Lyrics on the screen © Amber van Kempen
The story behind the church café idea begins thirty years ago, when 17 year old Alko Stoel browses through the CD section in a music store. He finds a live recording of The World Wide Message Tribe, a Christian rap and pop band, spreading a positive message about religion. Listening to it at the dining table with his mother, he realises that this or something similar, is what he wants to do. “It wasn't organ music and slow,” Alko tells me, laughing.
Coming from a strict Christian family, teenager Alko never really feels a deep personal connection to God because of the strictness and feeling of obligation. Being a rebellious teen, he does not want to follow rules, he wants to live life in the way he sees fit and disagrees with the implication of rules surrounding the personal relationship with God within Christianity. He doesn’t like how his fellow Christians treat the religion, calling them hypocrites, because they expect others to behave a certain way, but fall short themselves.
“I don’t think that’s the way God intended for the religion to be practiced,” Alko says, the relationship with God is personal to him. “It’s between you and God, not between you and a set of rules.”
In his mid-twenties, Alko organizes Sport&AfterBeat - a sport’s day followed by a concert with Christian rappers inspired by The World Wide Message Tribe. Up to 500 people come each time. He invites a band from the US and together they perform in schools, talking about mental health and faith. It’s not long before they have to book larger spaces and invite students to their performances during lunch breaks.
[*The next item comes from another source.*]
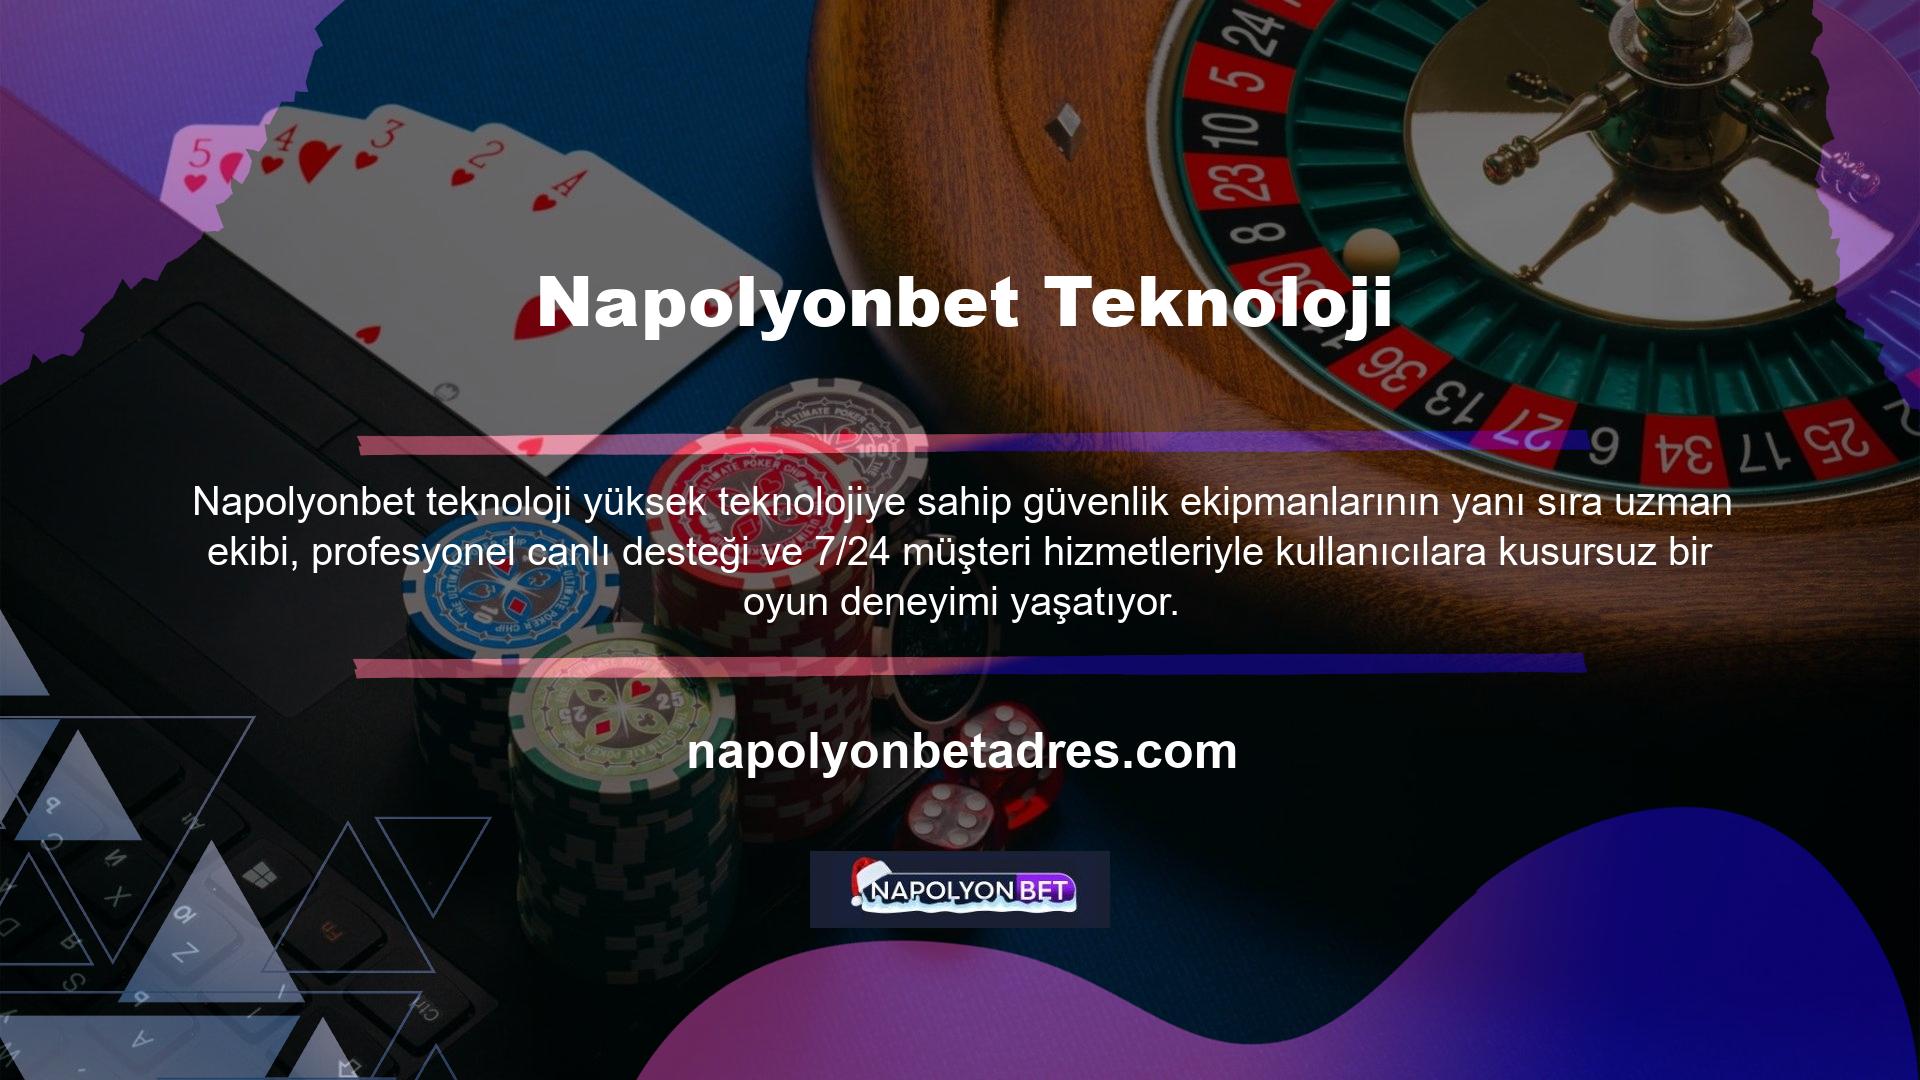 Türkçe ve İngilizce desteği Türk oyun severleri tatmin edecektir

Later, he books Transform DJ’s, an American punk band with a DJ. “I thought that was quite weird, you know, a band with a DJ, I thought ‘What is this?’ because it was really cool,” says Alko. They keep in touch and one day, during their European tour, he gets a message from one of the DJ’s. They’re in the Netherlands for a week and need a place to stay. If he can help them with that, they will help him with a concert.
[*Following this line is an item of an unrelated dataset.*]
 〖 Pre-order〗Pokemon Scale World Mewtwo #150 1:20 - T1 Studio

Light and sound control panel © Amber van Kempen
They end up visiting high schools, teaching music classes and sharing their religion. It’s then that Alko realises he has found the formula to inspire youth and show that religion does not have to be boring. He becomes their tour manager and together they travel the world, including Scotland where Alko meets someone connected to The World Wide Message Tribe. In a full circle moment it turns out that the organisation that inspired teenage Alko is itself inspired by the adult Alko and what he’s doing in Dutch high-schools and they want his help.
“It was like being home,” he says, “it felt like a calling, I had to find out if this was God talking to me.”
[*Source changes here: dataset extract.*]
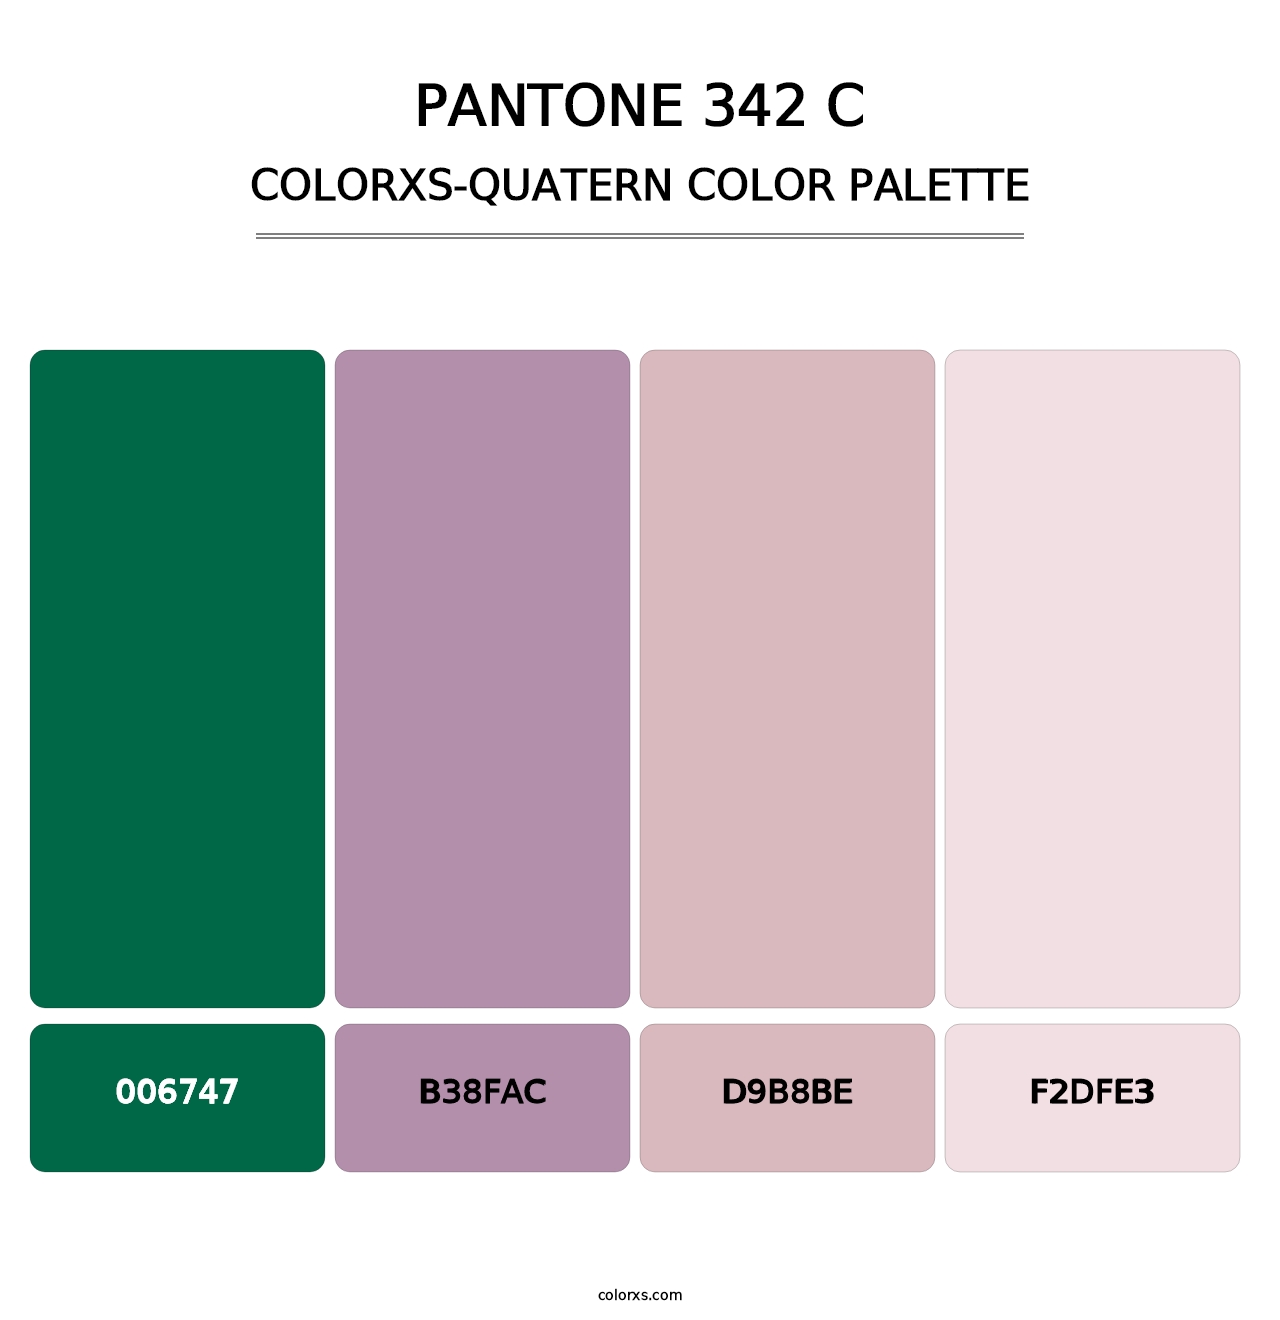 PANTONE 342 C - Colorxs Quatern Palette

“How did you convince your wife?” I ask.
“Oh she was on board before I even said anything. It turned out that we had been walking around with the same idea in our head for a while but weren’t voicing it. Whenever I came back from Scotland she noticed that I was a lot happier after those trips, that there was something there, that was making me happy.”
It took a while, but once him and his wife Miriam had saved enough money, they move there, visiting high schools across Britain with The Message, spreading the word. But it’s in Scotland, where Alko visits a church in a mall and gets the idea for AfterBeat back in Veendam. He learns how to preach from an American pastor he meets while being stuck in Scotland due to the pandemic.
But, starting the café part of AfterBeat in Veendam, Alko became so busy he had no time nor the energy to also run a church. “So, we kind of let the idea go. We had a good run in Scotland and we are very happy we did it,” he says.
Three days after having put aside the idea of running a church at the back of a café, Alko tells me that he got a very interesting phone call.
“Who was it?,” I ask
“It was City Life Church! The church we go to in Assen, they’re connected to HillSong in America, and we love Hillsong,” Alko says excitedly. “Anyway, they wanted to rent out AfterBeat and start a church in the room we rent out for events. We kind of lost our footing, like what is this? Of course we agreed, and that is kind of how it started,” he tells me proudly.